(Information shown)
= Beginning of Section =

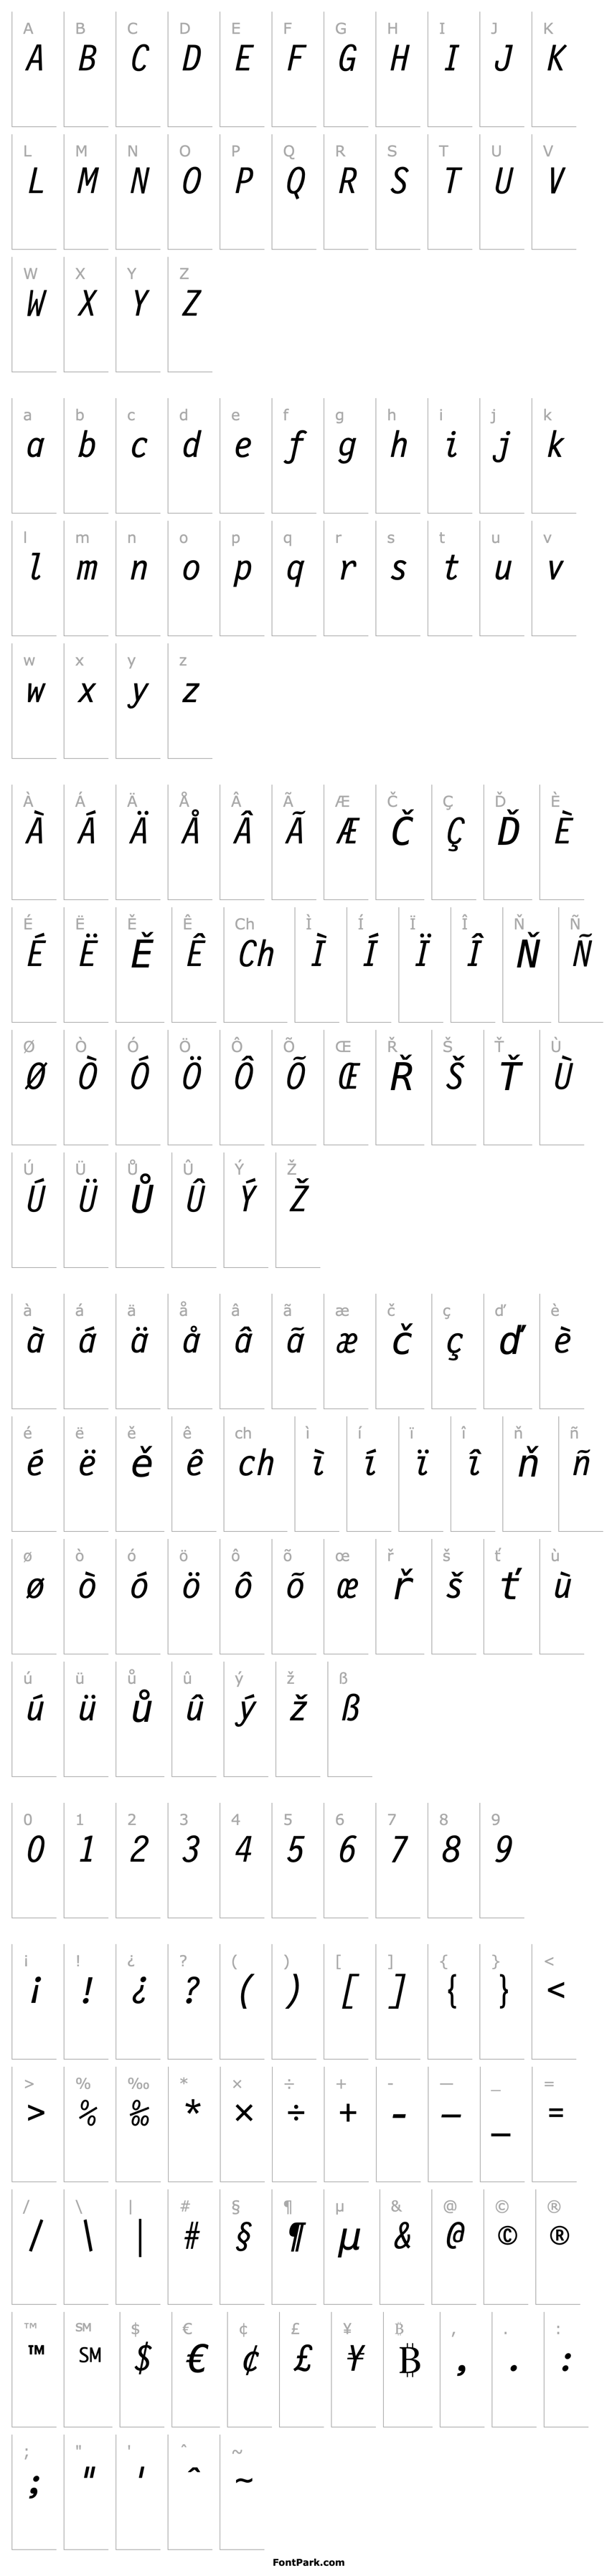 Overview LetterGothic12PitchBT-Italic
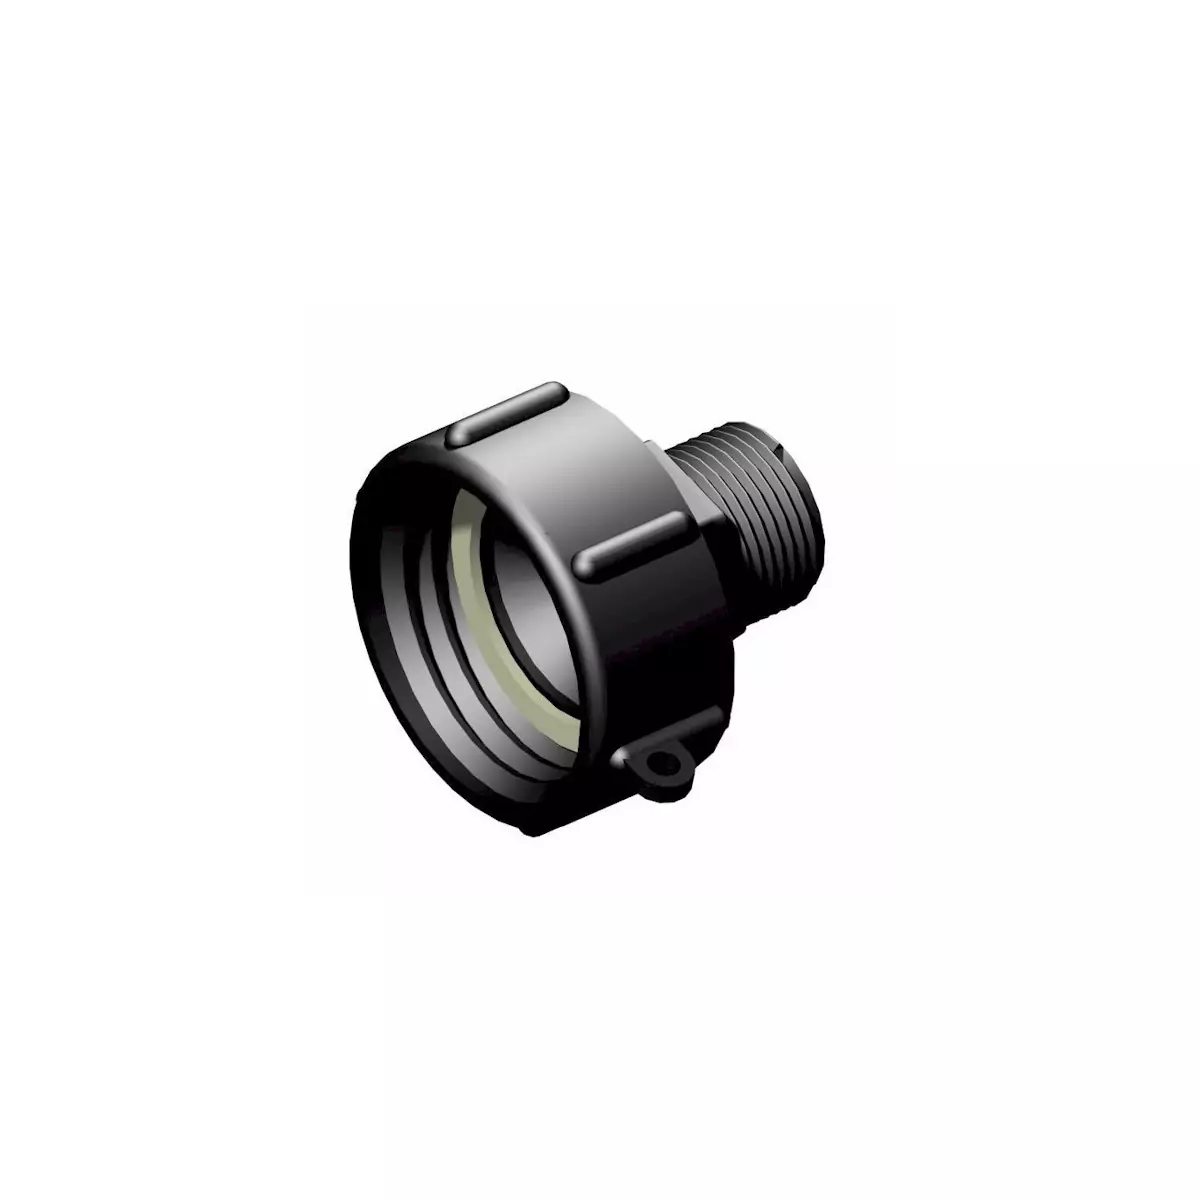 Product sheet 2 "S60x6 female connector - male 1", not gas
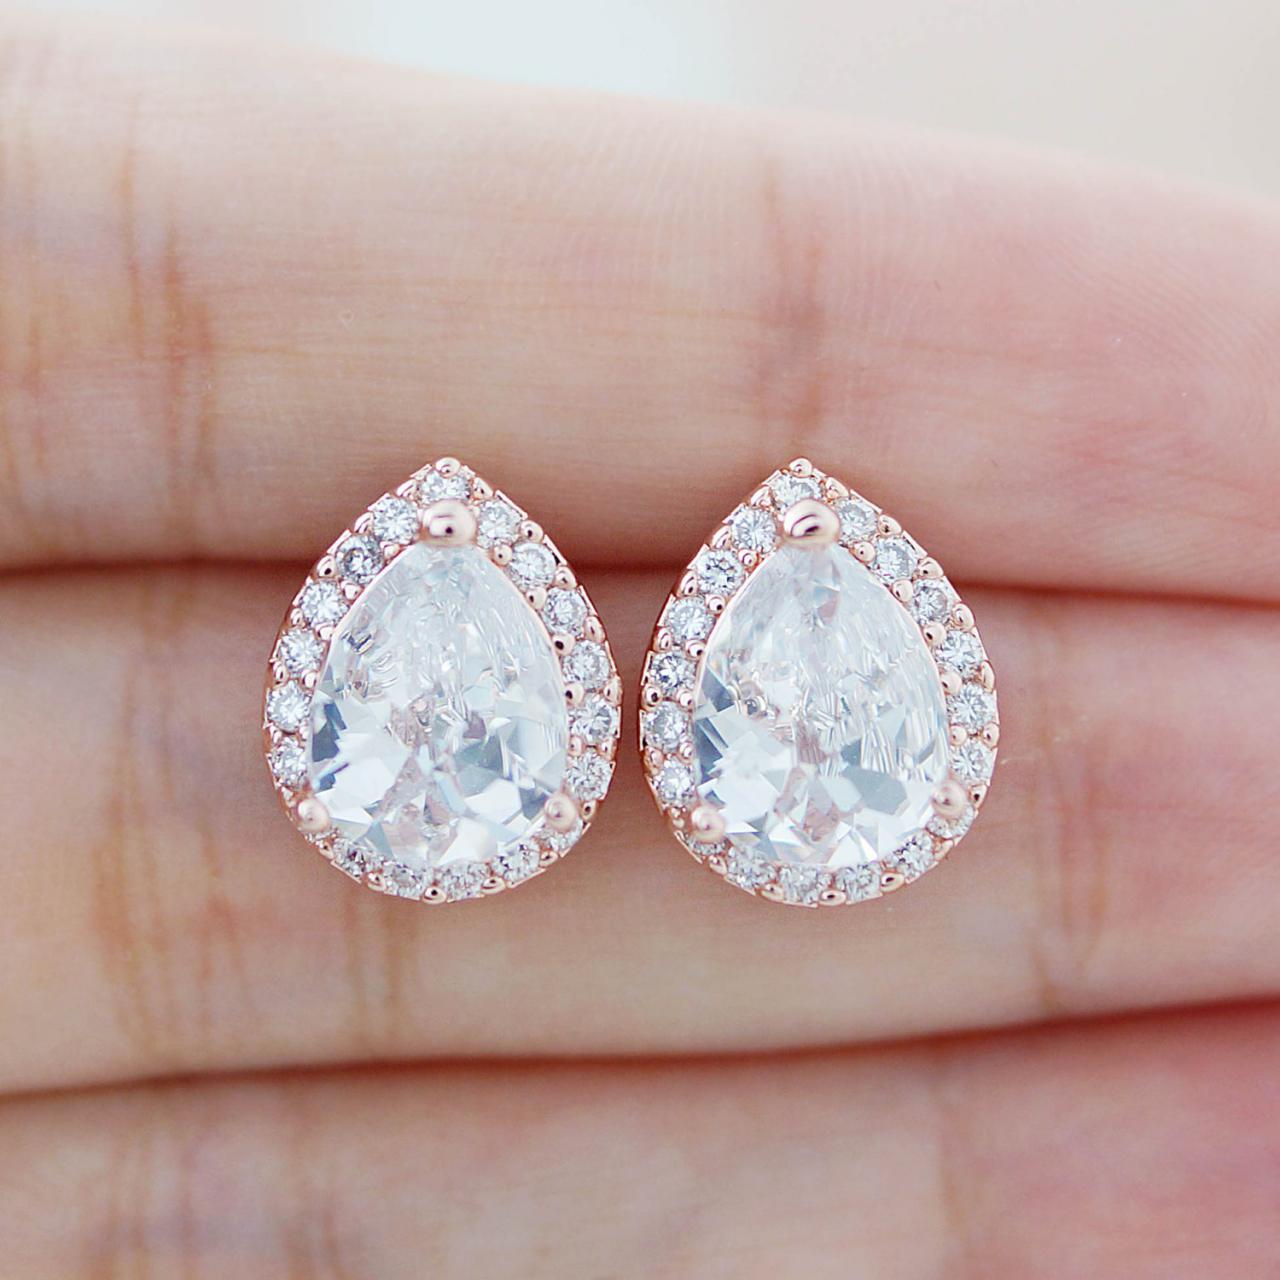 Wedding Jewelry Bridal Jewelry Bridal Earrings Bridesmaid Gift Bridesmaid Jewelry Rose Gold Plated Lux Cubic Zirconia Tear Drops Ear Posts

= End of Section =

(Aim of the exercise)
The data above must be written out again without alteration, and the pictures in them must be excluded.

(Response for this exercise)
 Overview LetterGothic12PitchBT-Italic
 Product sheet 2 "S60x6 female connector - male 1", not gas
 Wedding Jewelry Bridal Jewelry Bridal Earrings Bridesmaid Gift Bridesmaid Jewelry Rose Gold Plated Lux Cubic Zirconia Tear Drops Ear Posts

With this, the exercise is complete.